И все дивились Прошке. Прошка был героем минуты.

Через десять минут баркас подошел к борту и благополучно был поднят на боканцы.

Мокрые, вспотевшие и красные, тяжело дыша от усталости, выходили гребцы из баркаса и направлялись на бак. Вышли Шутиков и Прошка, отряхиваясь, словно утки, от воды, оба бледные, взволнованные и счастливые.

Все с уважением смотрели теперь на Прошку, стоявшего перед подошедшим капитаном.

— Молодец, Житин! — сказал капитан, невольно недоумевая при виде этого неуклюжего, невзрачного матроса, рисковавшего жизнью за товарища.

А Прошка переминался с ноги на ногу, видимо робея.

— Ну, ступай, переоденься скорей да выпей за меня чарку водки… За твой подвиг представлю тебя к медали, а от меня получишь денежную награду.

Совсем ошалевший Прошка даже не догадался сказать «рады стараться!» и, растерянно улыбаясь, повернулся и пошел своей утиной походкой.

— Снимайтесь с дрейфа! — приказал капитан, поднимаясь на мостик.

Раздалась команда вахтенного лейтенанта.
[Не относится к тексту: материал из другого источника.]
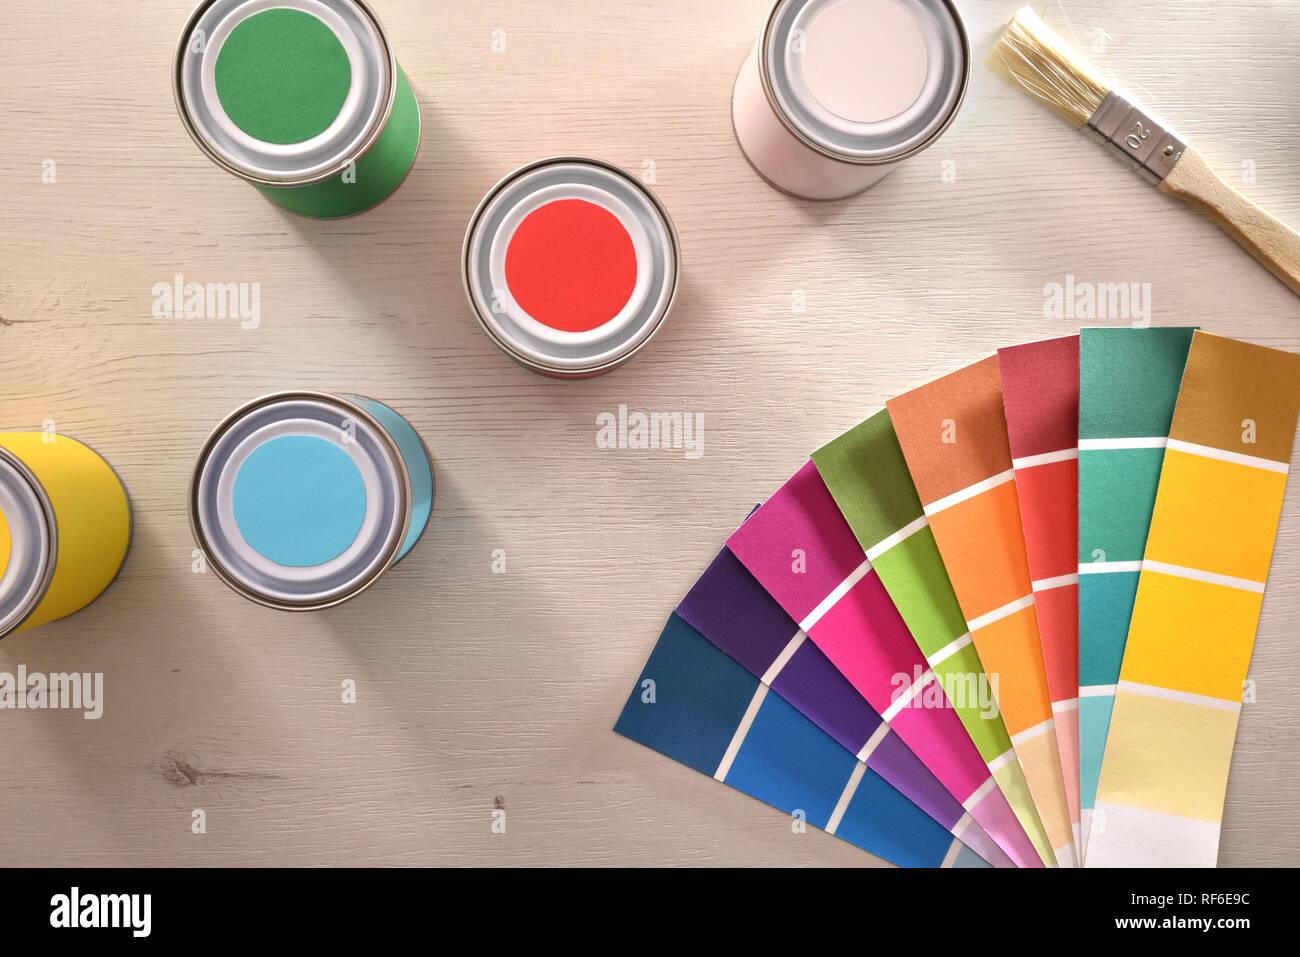 Farbige Lacke und Farben auf weißem Tabelle für die Renovierung der Materialien. Ansicht von oben. Horizontale Komposition. Stockfoto
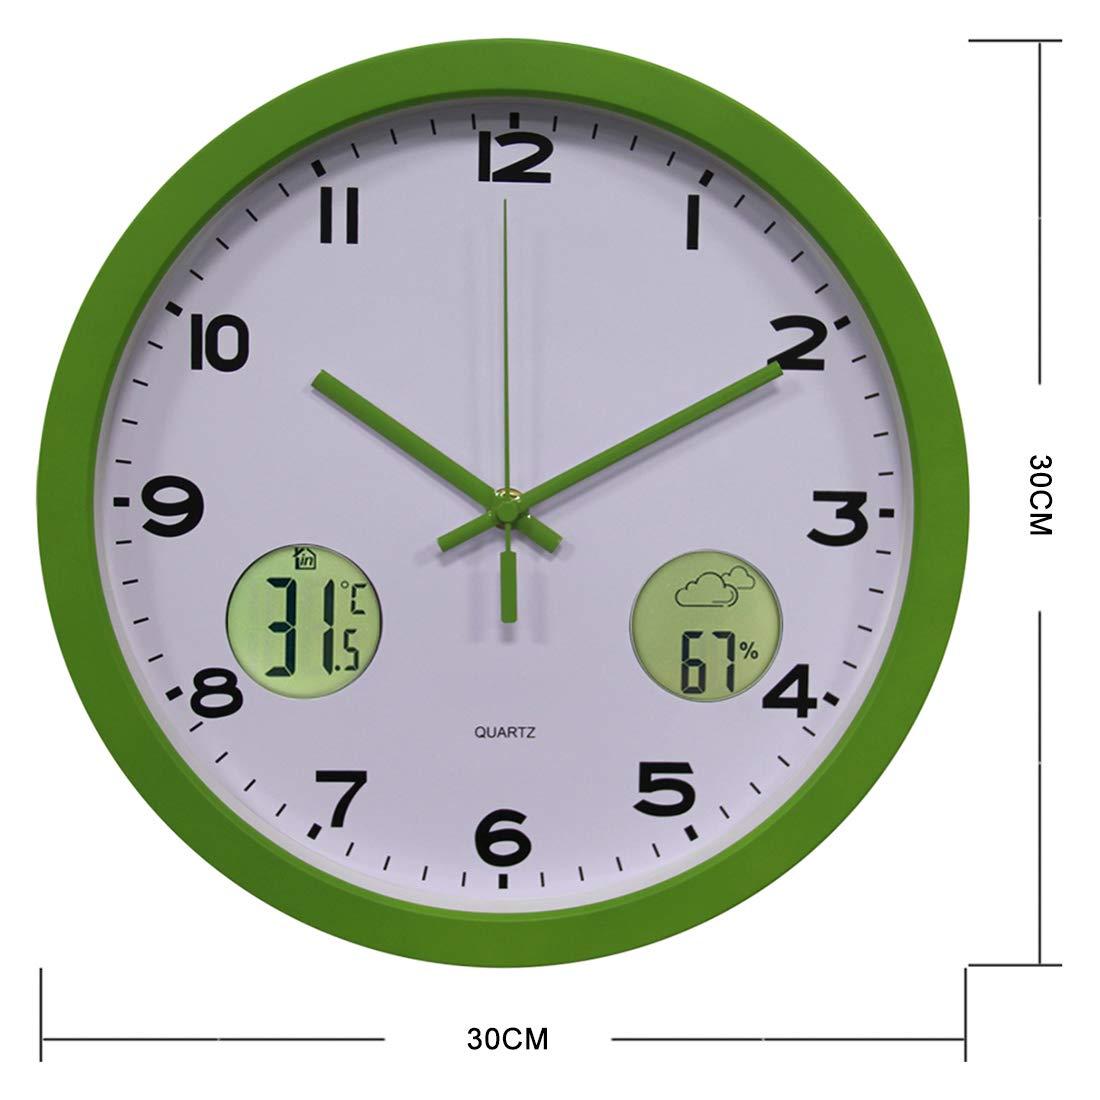 30CM Pendule Murale avec Thermom/ètre et pr/évisions m/ét/éo Silencieuse Moderne Metal Ronde pour Cuisine Salon Searchyou Bureau - Horloge Murale Radio Pilot/ée Chambre Argent/é

Голос его теперь звучал весело и спокойно. Скоро были поставлены убранные паруса, и минут через пять клипер снова несся прежним курсом, подымаясь с волны на волну, и прерванные работы опять возобновились.

— Ишь ведь ты какой, блоха тебя ешь! — остановил Лаврентьич Прошку, когда тот, переодетый и согревшийся чаркой рома, поднялся вслед за Шутиковым на палубу. — Портной, портной, а какой отчаянный! — продолжал Лаврентьич, ласково трепля Прошку по плечу.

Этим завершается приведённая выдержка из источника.